By Shani Raja
July 21 (Bloomberg) -- Marc Faber, who told investors to bail out of U.S. stocks before 1987's so-called Black Monday crash, said oil prices may fall to $100 a barrel as demand slows in a global economy at the ``tail end'' of its expansion.
Accelerating inflation and rising interest rates worldwide are likely to dent the value of commodities including oil, said Faber, who publishes the Gloom, Boom & Doom Report, at an investment forum in Sydney today. Real-estate in India and Cambodia were among his favored Asian investments, he said.
``Global liquidity is under some relative tightening, and that is unfavorable for all asset classes,'' said Faber, 62. There will be ``sharp corrections'' in commodities prices.
Central banks from Vietnam and Russia to Brazil are raising rates as inflation replaces the global credit crunch as their biggest concern. The World Bank said last month that global economic growth will probably slow to 2.7 percent this year from 3.7 percent in 2007, amid spiraling food and fuel costs and mounting losses tied to credit-market investments.
``What you've had since 2001 is a global synchronized boom,'' Faber said. ``In the history of capitalism this is most unusual. When it comes to an end it should affect all countries.''
Stocks worldwide have tumbled this year, erasing almost $12 trillion in value, as financial institutions piled up $447.6 billion in credit-related losses, and investors braced themselves for a U.S. economic recession.
Bull Market
The U.S. went into recession last October and current statistics are hiding its ``severity,'' Faber said in a July 1 interview with Bloomberg Television. Growth in the world's largest economy faces ``significant downside risks,'' Federal Reserve Chairman Ben S. Bernanke said July 15.
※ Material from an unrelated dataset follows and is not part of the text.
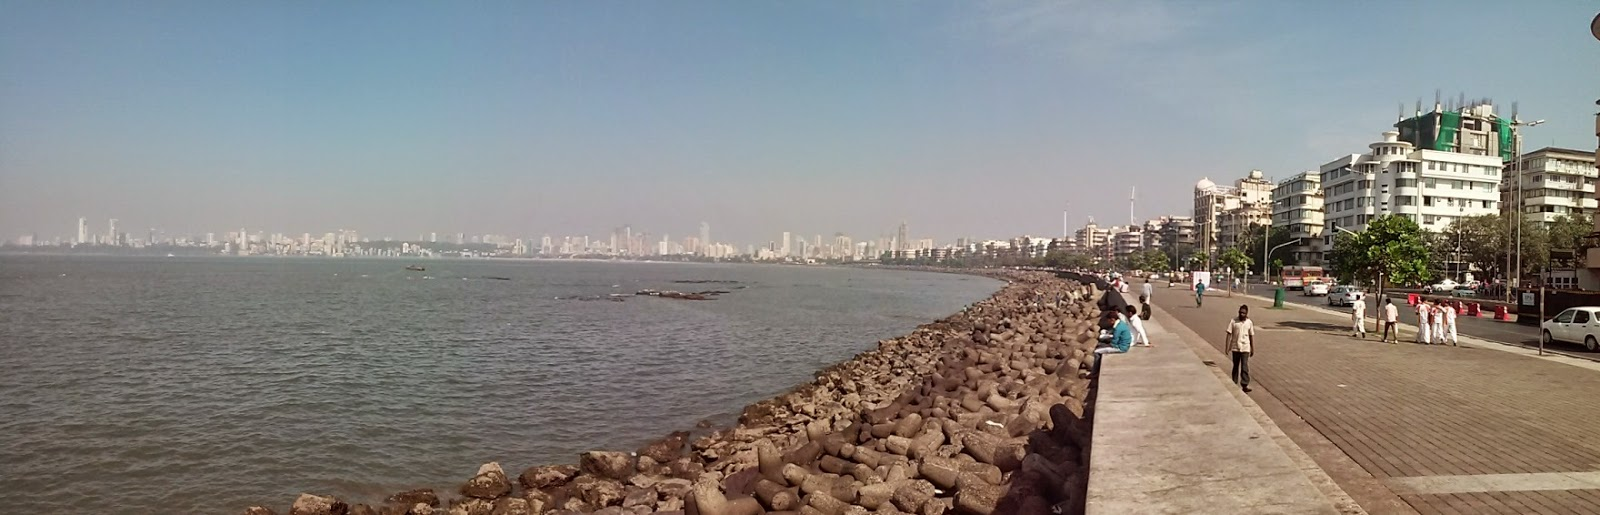 bord de mer a mumbai bombay
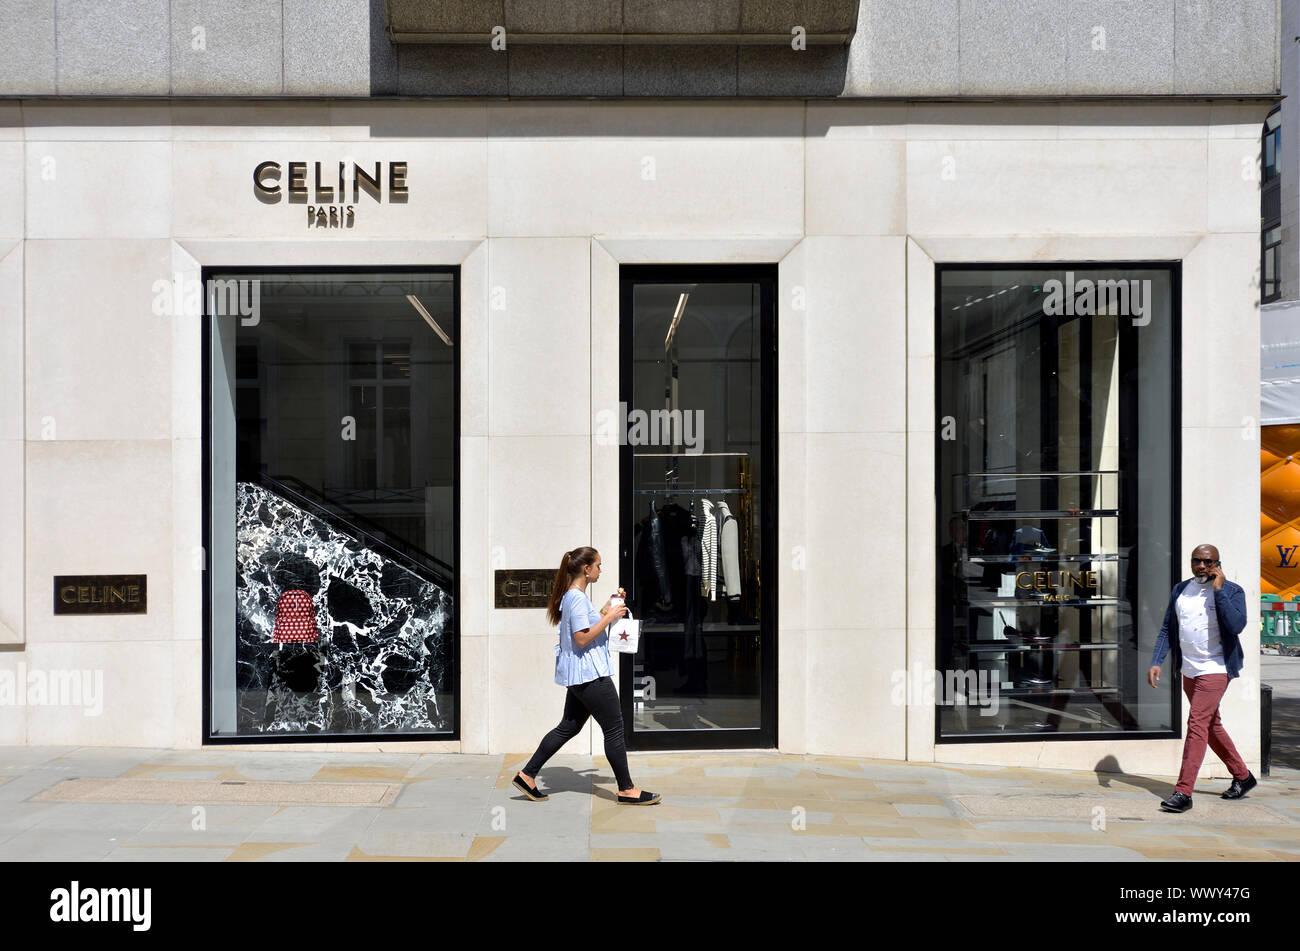 New Bond Street Stock Photos & New Bond Street Stock Images - Alamy

Those comments contributed to crude oil in New York falling more than a tenth from its record high of $147.27 on July 11. Oil has still gained 72 percent in the past year. Arjun N. Murti, a Goldman Sachs Group Inc. analyst, in May predicted that crude may rise as high as $200 a barrel within two years.
``When you have volatility, any market can drop 50 percent and still be in a bull market,'' said Faber, who told today's forum that he prefers holding physical commodities rather than shares or futures.
Corn, soybeans and wheat have surged to records this year, amid rising incomes in emerging markets. Macquarie Group Ltd., Australia's biggest investment bank, said on July 10 global demand for food will continue to drive a rally in soft commodities.